Aquí me limito a sintetizar su producción de libros y folletos, sin tomar en cuenta las más que múltiples colaboraciones dispersas en publicaciones periódicas de Nicaragua desde 1963.

Poesía

Variada en temas y registros, su poesía fue la primera de su generación que alcanzó reconocimiento internacional: la mención honorífica en el concurso celebrado en México (octubre, 1968) con motivo de las olimpiadas mundiales. Traducida parcialmente a ocho idiomas (inglés, francés, italiano, búlgaro, ruso, alemán, esperanto y bangla), comprende catorce plaquetes o poemarios: desde La estrella perdida (1968), pasando por Canto a Nicaragua libre (México, 1981) y tres ediciones de La entrega de los dones (1978, 1983 y 2011), la antología Inventario contra la muerte (Valencia, España, 2001) y La camisa férrea de mil puntas cruentas (2003), hasta Extrabases y otras sorpresas / Memorial de nuestras glorias beisboleras (2013).

Sus poemas figuran en 41 antologías. Una se editó en Alemania, otra en Costa Rica, otras en Bulgaria, Bangladesh, Cuba, Argentina y Chile; dos en España, otras dos en los Estados Unidos y también dos en Francia e Italia, las restantes se han publicado en Nicaragua.

Narrativa

La narrativa de Jorge Eduardo Arellano (JEA) incluye, entre otros títulos, Historias nicaragüenses (1974) y Retratos de hombres libres (1982), incorporados al nutrido volumen Silva de breve ficción (2008). Cuatro antologías nacionales recogen sus relatos y una mexicana, Narrativa hispanoamericana: 1896-1981, de Ángel Flores, su pieza “Kid Tamariz”, traducida al inglés en la revista canadiense Impulse (1984). Ha publicado, además, dos novelas cortas: Timbucos y calandracas con cuatro ediciones (1982, 1996, 2004, 2013) y El libro del buen amorcito con dos (1984 y 2008), más el primer tomo de su autobiografía Memorial de los 60 (2015).

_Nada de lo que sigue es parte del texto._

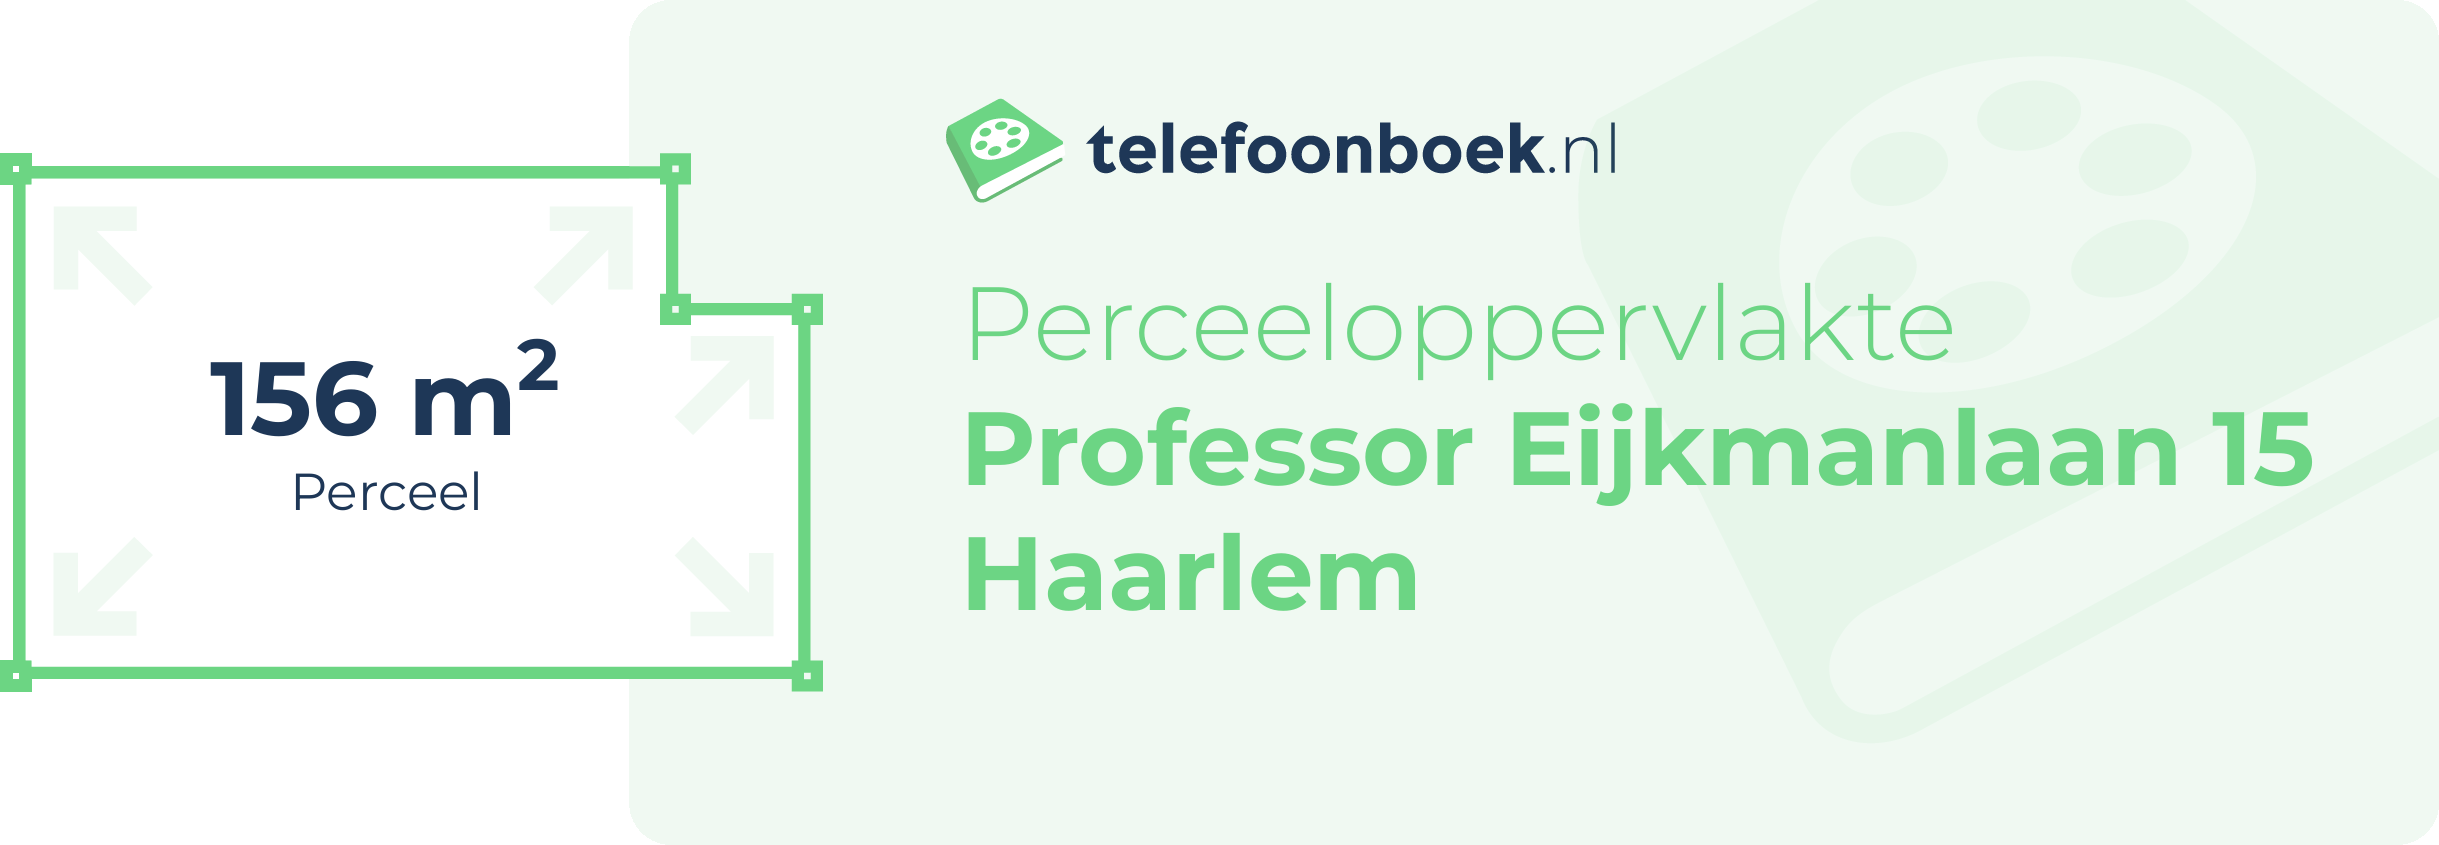 Perceeloppervlakte Professor Eijkmanlaan 15 Haarlem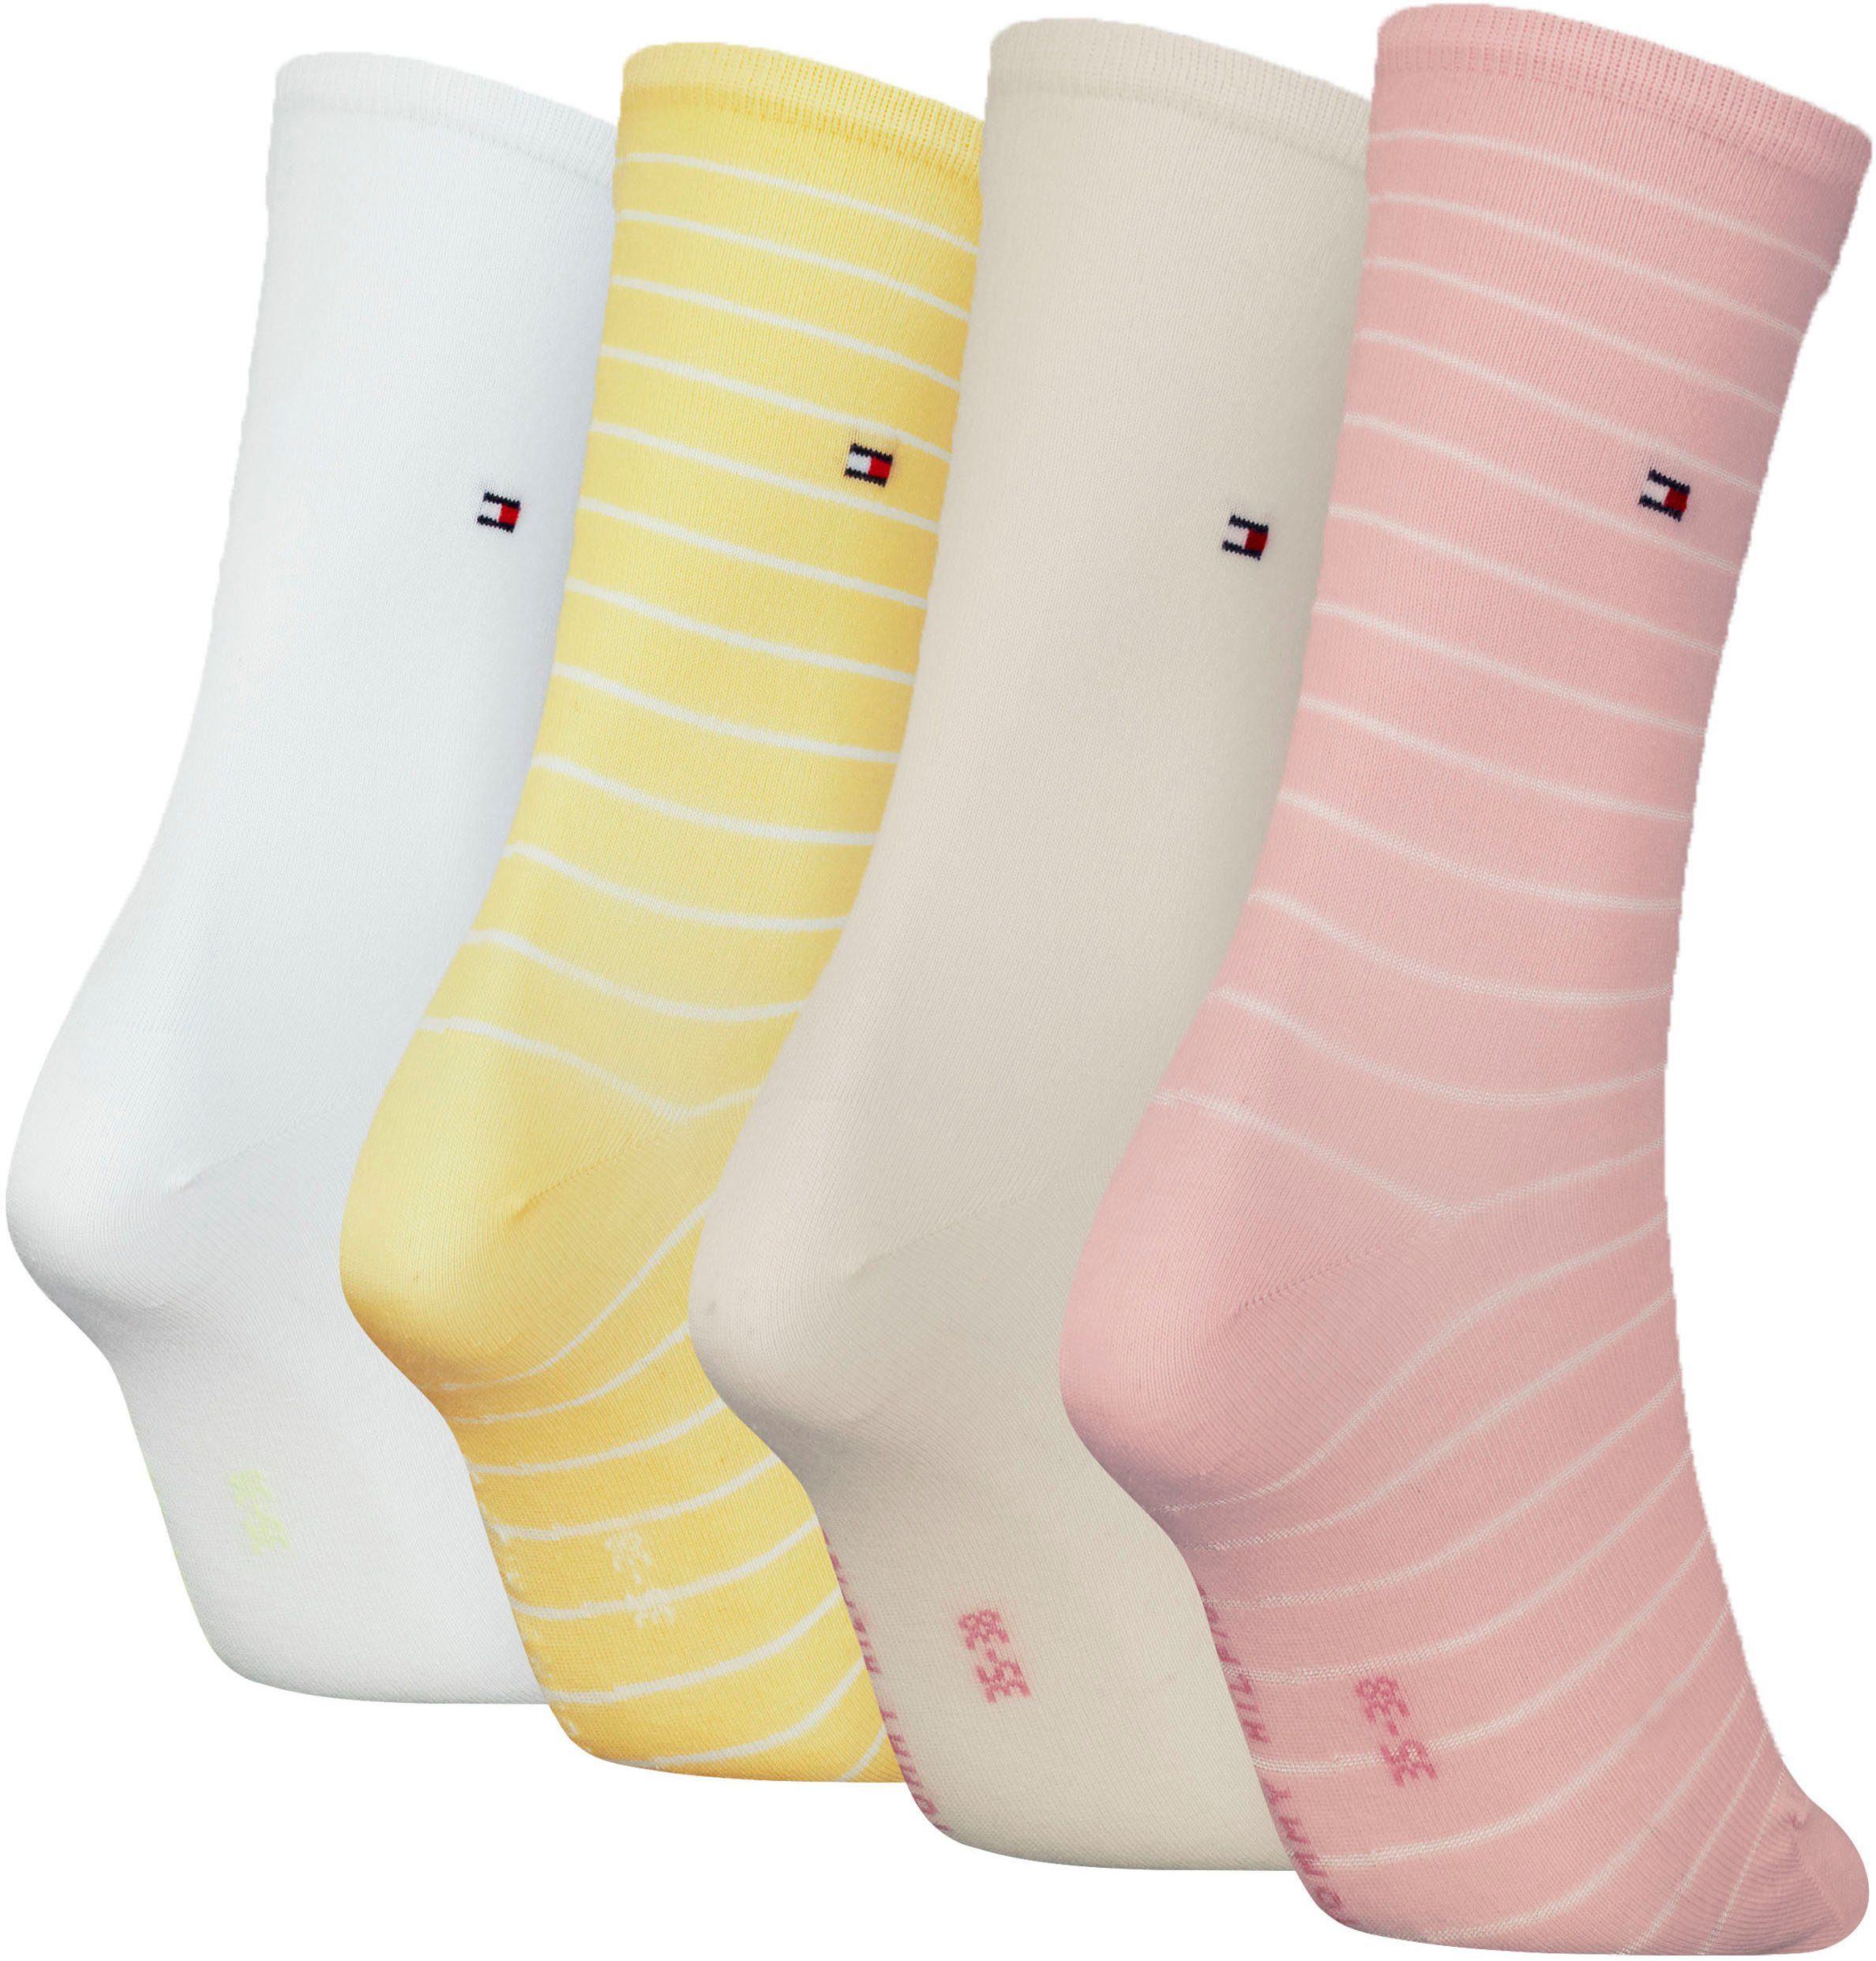 Tommy Hilfiger Socken klassisches raffiniertes Streifendesign pink-yellow-white

Crítica e historia literarias

De hecho, JEA, el el fundador de la historiografía literaria de Nicaragua con las seis ediciones de su Panorama de la literatura nicaragüense (1966, 1968, 1977, 1982, 1986, 1996); las tres investigaciones sobre el movimiento nicaragüense de Vanguardia (1969, 1971, 1992), el Inventario teatral de Nicaragua (1989), las Voces indígenas y letras coloniales de Nicaragua y Centroamérica (2002), La novela nicaragüense: 1876-1959 (2012) y La poesía nica en 166 antologías (2013).

Al mismo tiempo, ha elaborado monografías sobre [y ediciones de] El Güegüense, Fernando Espino (el primer autor de un libro nacido en la época colonial), Pedro Francisco de la Rocha (nuestro historiador pionero), Luis Alberto Cabrales, José Coronel Urtecho, Pablo Antonio Cuadra, Joaquín Pasos, Alejandro Cuadra, Ernesto Mejía Sánchez, Ernesto Cardenal, Salvador Murillo, Grupo U de Boaco, entre otros autores significativos. 

Como antólogo, JEA ha contribuido al conocimiento y valoración de las letras nicaragüenses y a fijar su canon. Seleccionó, anotó y prologó la antología de su generación: Poesía joven nicaragüense: 1960-1970 (1971); rescató Veinticinco poemas indígenas de Nicaragua (1976); compiló los textos de Nicaragua en los cronistas de Indias (dos tomos, 1975); y facturó la Antología general de la poesía nicaragüense (1984 y 1994), sumando la segunda edición 499 páginas e incluyendo 500 poemas de 127 poetas. El volumen de su Cuentistas de Nicaragua ha sido editado tres veces (1984, 1995 y 2006). Igualmente, antologó una Literatura para niños en Nicaragua con dos ediciones (1995 y 2005), más otra de Minificciones de Nicaragua (2004), reunió y transcribió los “Sermones, oraciones y discursos de la época colonial de Nicaragua” (2006) y seleccionó la más completa Antología del ensayo nicaragüense: 1909-1979 (2014).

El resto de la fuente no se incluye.